HomeRepositoryDocumentationCitation

BioAutoML - Metalearning - Binary Problems - Using features from other packages

To use this model, follow the example below:

To run the code (Example): $ python BioAutoML-binary.py -h


Where:

-train: csv format file, e.g., train.csv

-train_label: csv format file with labels, e.g., labels_test.csv

-test: csv format file, e.g., test.csv

-test_label: csv format file with labels, e.g., labels_test.csv

-test_nameseq: csv with sequence names - test

-nf: Normalization - Features (default = False)

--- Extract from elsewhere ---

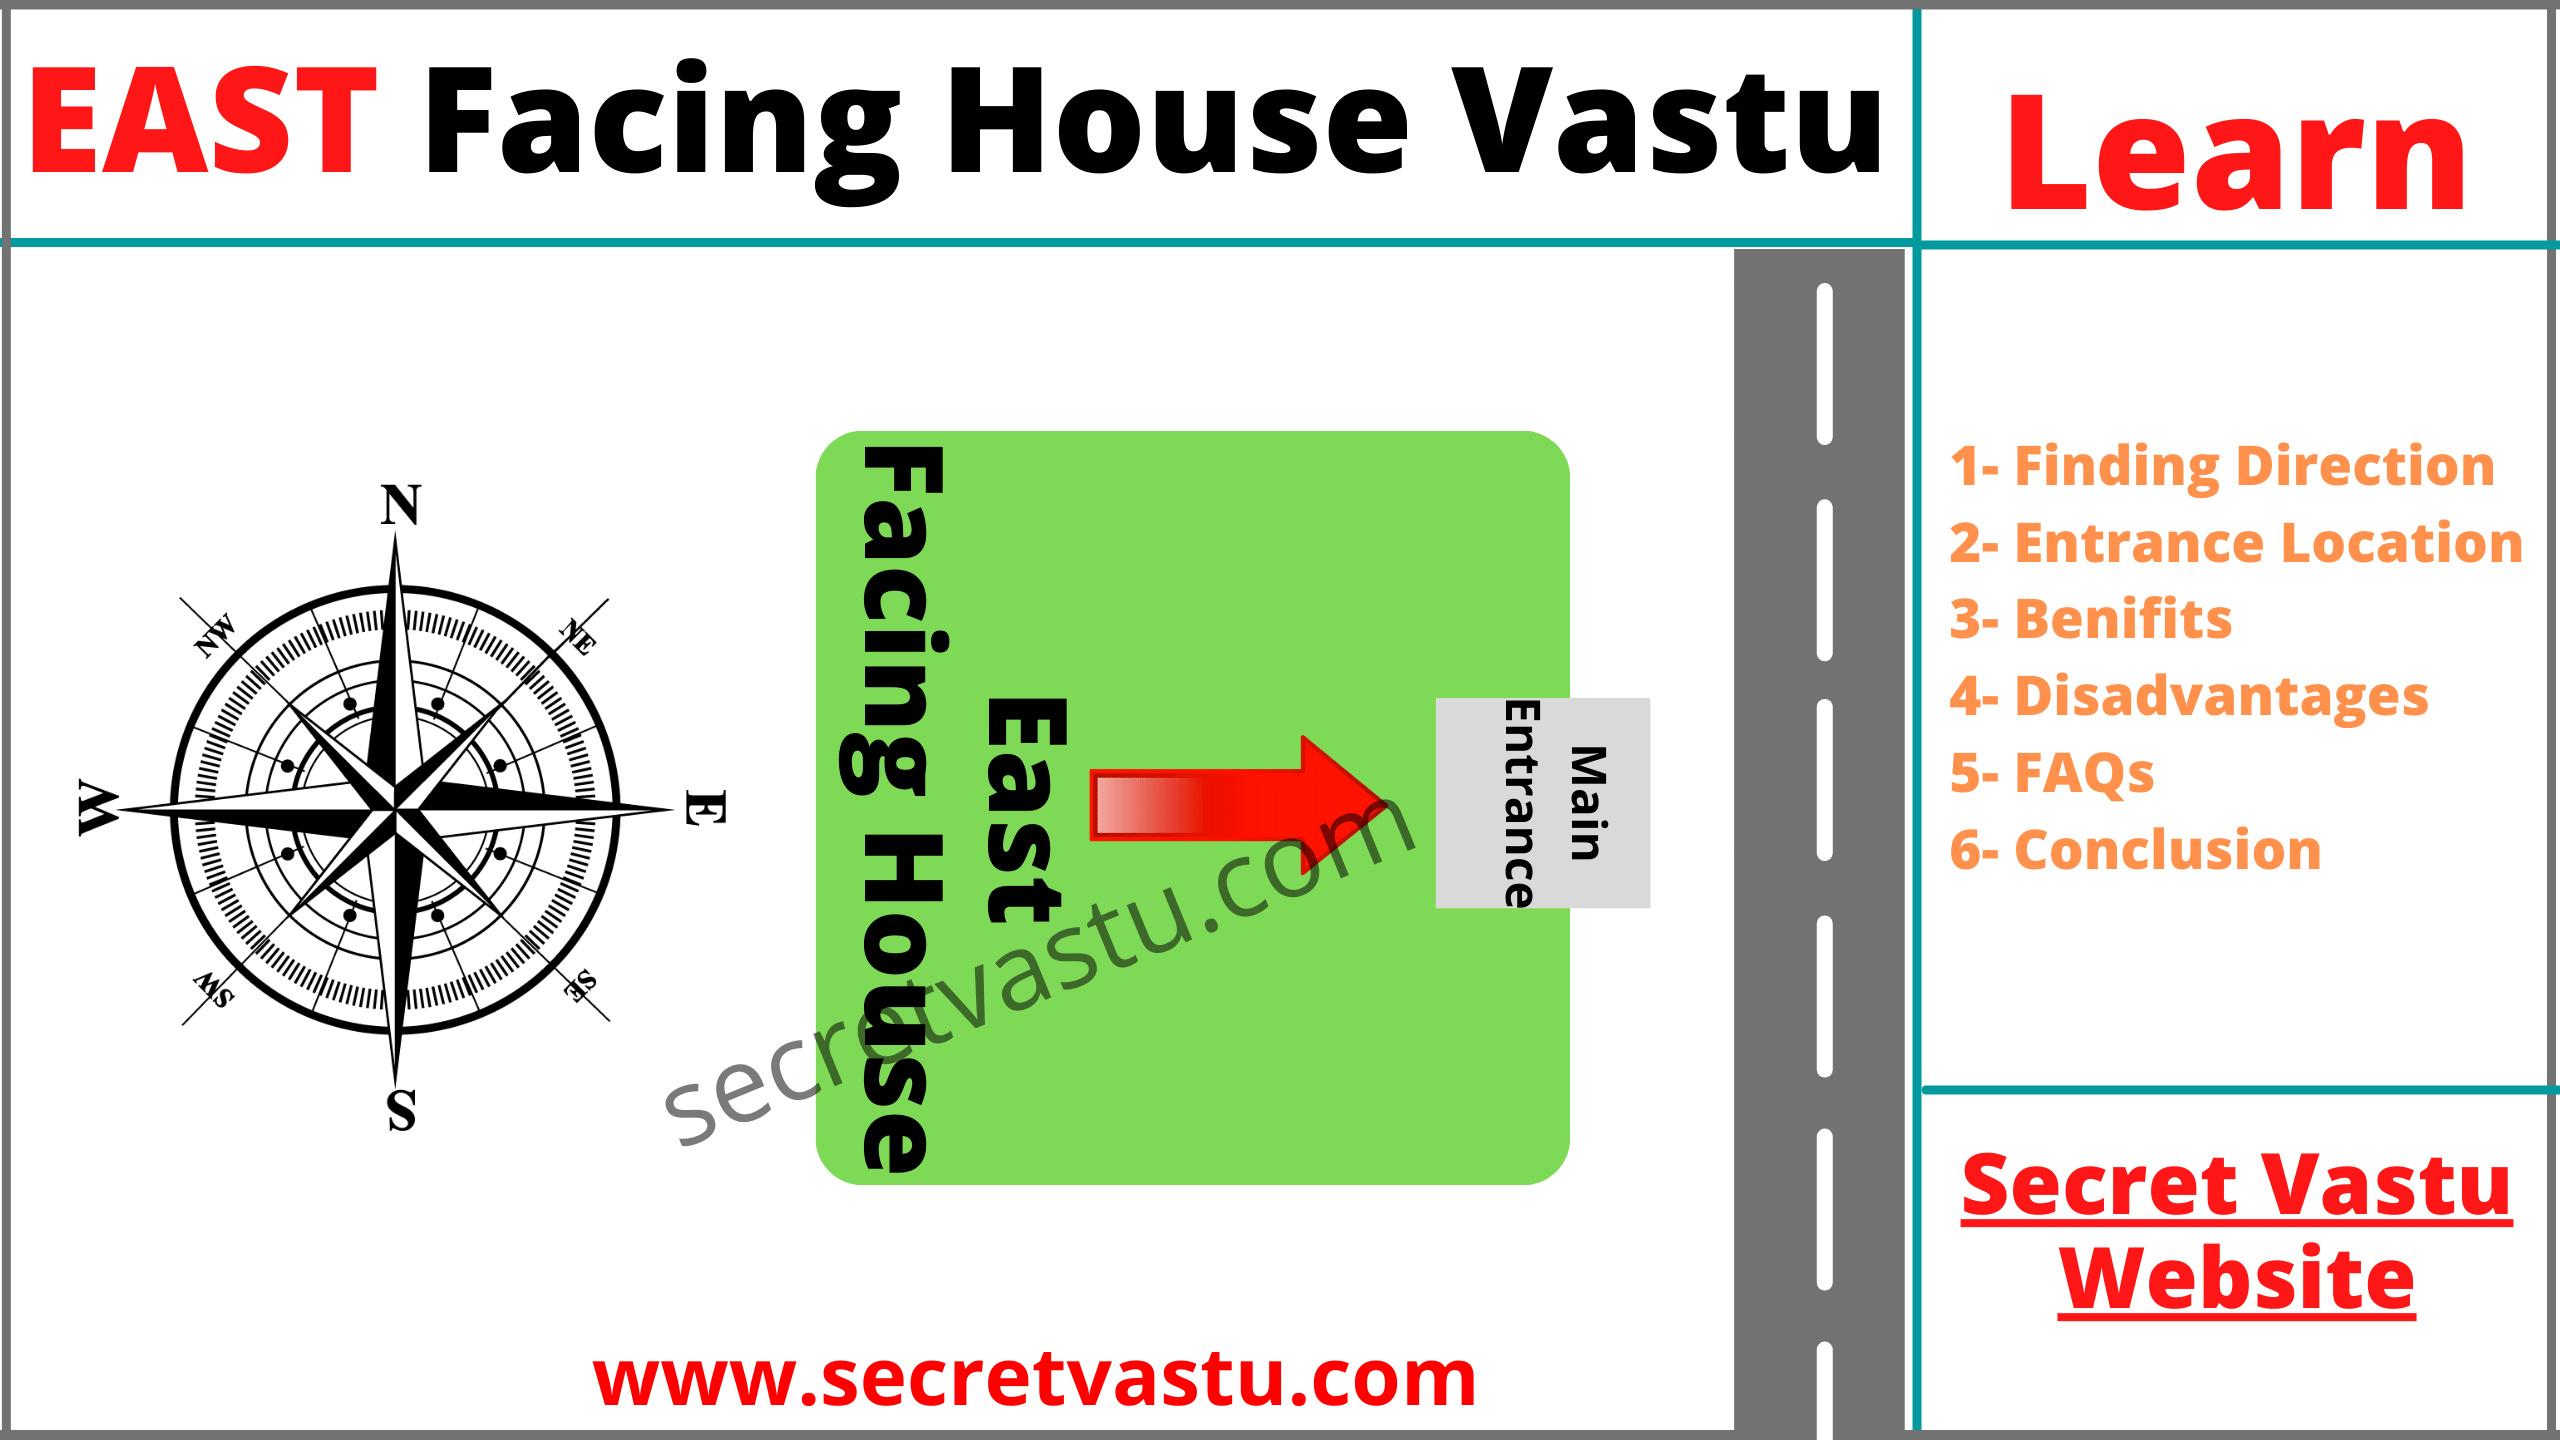 East facing house vastu tips

-n_cpu: number of cpus - default = 1
  
-classifier: Classifier - 0: CatBoost, 1: Random Forest 2: LightGBM
  
-imbalance: To deal with the imbalanced dataset problem - True = Yes, False = No, default = False

-tuning: Tuning Classifier - True = Yes, False = No, default = False

-output: results directory, e.g., result

Running:

$ python BioAutoML-binary.py -train example_csv/lncRNA/train-human.csv -train_label example_csv/lncRNA/train-human-labels.csv -test example_csv/lncRNA/test-human.csv -test_label example_csv/lncRNA/test-human-labels.csv -test_nameseq example_csv/lncRNA/test-human-sequences.csv -classifier 2 -output example_results

or

$ python BioAutoML-binary.py -train example_csv/lncRNA/train-human.csv -train_label example_csv/lncRNA/train-human-labels.csv -test example_csv/lncRNA/test-human.csv -test_label example_csv/lncRNA/test-human-labels.csv -test_nameseq example_csv/lncRNA/test-human-sequences.csv -imbalance True -tuning True -classifier 2 -output example_results

Note This example is in the Directory: example_csv/lncRNA

Note Inserting a test dataset is optional.